As always, start in jail
This will be hosted on the FreeNAS box, and will take advantage of the fact that it’s on most of the time and has storage to spare.
iocage create -n proxy dhcp=on allow_sysvipc=1 bpf=yes vnet=on -t ansible_template_v2 boot="on"
iocage fstab -a proxy /mnt/vol01/apps/proxy/cache /var/squid/cache nullfs rw 0 0
iocage fstab -a proxy /mnt/vol01/apps/proxy/logs /var/log/squid nullfs rw 0 0
Note there that I have externalized the logs directory and the cache directory into my generica ‘apps’ dataset.
The above configuration will also allow me to reference the proxy as ‘proxy’ or ‘proxy.home’ thanks to the DHCP config and the PiHole
Install squid
Super easy:
Get configuring
Crack open /usr/local/etc/squid.conf:
#listen on port 80 because I always forget the other one
http_port 80 # Create a disk-based cache of up to 20GB in size:
cache_dir ufs /var/squid/cache 20000 16 256 cache_replacement_policy heap LFUDA # Default is 4mb, but that won't do for packages
maximum_object_size 10096 MB refresh_pattern -i .rpm$ 129600 100% 129600 refresh-ims override-expire
refresh_pattern -i .iso$ 129600 100% 129600 refresh-ims override-expire
refresh_pattern -i .deb$ 129600 100% 129600 refresh-ims override-expire
refresh_pattern ^ftp: 1440 20% 10080
refresh_pattern ^gopher: 1440 0% 1440
refresh_pattern -i (/cgi-bin/|\?) 0 0% 0
refresh_pattern . 0 20% 4320
The important bits there:
- cache_replacement_policy heap LFUDA – Least frequently used with Dynamic again. This is a deviation from LRU (Least recently used), which keeps objects based on how recently they’ve been hit. LFUDA optimizes for byte hits rather than hits by keeping bigger (potentially less popular) objects around.
- maximum_object_size 4096 MB – increase the maximum size of the objects in the cache. Import given the above change, and also as package sizes can vary dramatically, and a great many of them will be above the 4mb limit that’s the default.

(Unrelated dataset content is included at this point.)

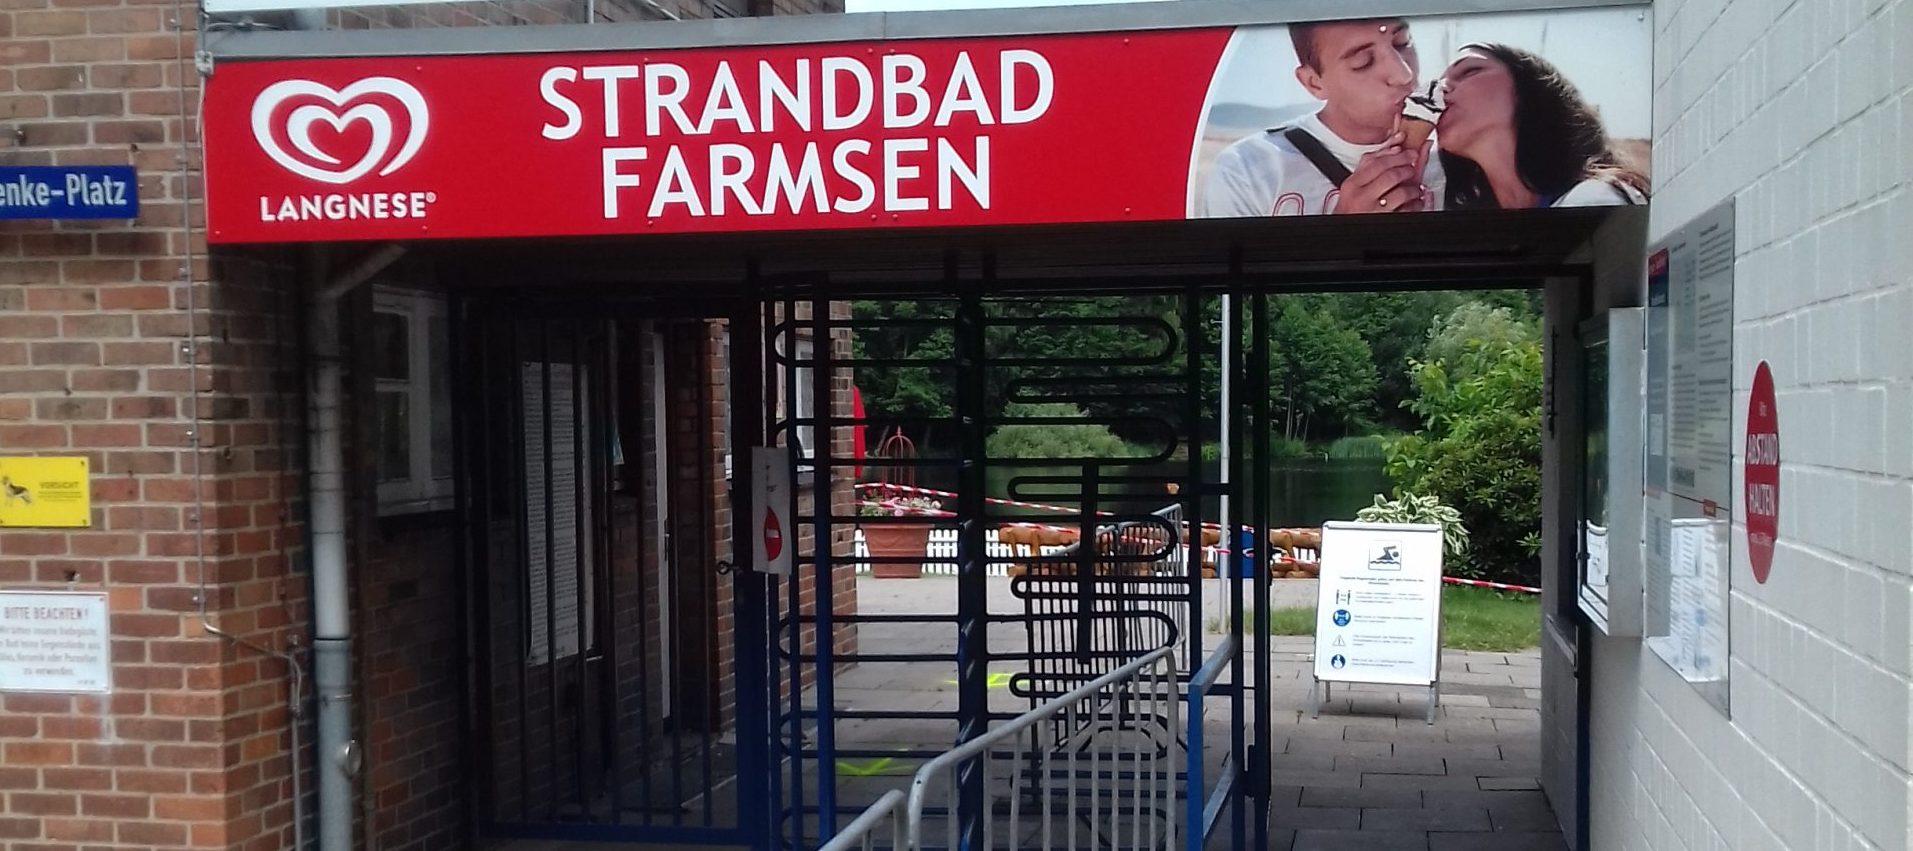 STRANDBAD FARMSEN KANN WIEDER ÖFFNEN

- refresh_pattern: (https://ma.ttwagner.com/lazy-distro-mirrors-with-squid/)[Matt Wagner] made me laugh with his discription of ‘do unholy things to the refresh patterns’. Yes – you have to break all sorts of ‘rules’, possible ones that would make proxy admins everywhere have convulsions. But this proxy is being tailored for a VERY specific purpose
- -i .rpm$ – Case insensitive match to things ending in .rpm
- 129600 100% 129600 – min, percent, max – i.e. keep objects around for 90 days. These usually govern objects that don’t have an explicit expiry time set.
- refresh-ims override-expire – refresh-ims makes squid check with the backend server when someone does a conditional get, and override-expire enforces min age even if the server sent an explicit expiry time. According to the squid docs, the latter violates an HTTP standard, but again, this is not a general purpose proxy server.
On Ubuntu – add the following to /etc/apt/apt.conf.d/00proxy.conf:
Acquire::http::proxy "http://proxy.home:80";
Acquire::https::proxy "http://proxy.home:80";
On Centos7 – add the following in the [main] section:
proxy=http://proxy.home:80
Seeing it action
The miss 1543625283.161 2996 192.168.0.36 TCP_MISS/200 104528 GET http://mirror.centos.org/centos/7/os/x86_64/Packages/python-urllib3-1.10.2-5.el7.noarch.rpm - HIER_DIRECT/88.150.173.218 application/x-rpm The hit 1547591894.456 0 192.168.0.98 TCP_HIT/200 104525 GET http://mirror.centos.org/centos/7/os/x86_64/Packages/python-urllib3-1.10.2-5.el7.noarch.rpm - HIER_NONE/- application/x-rpm
1547591894.461 0 192.168.0.218 TCP_HIT/200 104525 GET http://mirror.centos.org/centos/7/os/x86_64/Packages/python-urllib3-1.10.2-5.el7.noarch.rpm - HIER_NONE/- application/x-rpm
We’ve had to do some unholy things, but those have been limited in scope. So it’s more a ‘targeted policy of unholiness’ for packages, while the rest of the internet skates by fairly unscathed. So far, the only thing that I’ve found that doesn’t like making connections through the proxy is the Linux Discord app. I’m not sure if that’s related to the LFUDA pattern, or some sort of leakage through to one of the more aggressive refresh patterns.
This is far from a proxy-panacea, but it keeps the Netflix stream running and my wife happily watching ‘Say yes to the dress’. This is a good thing.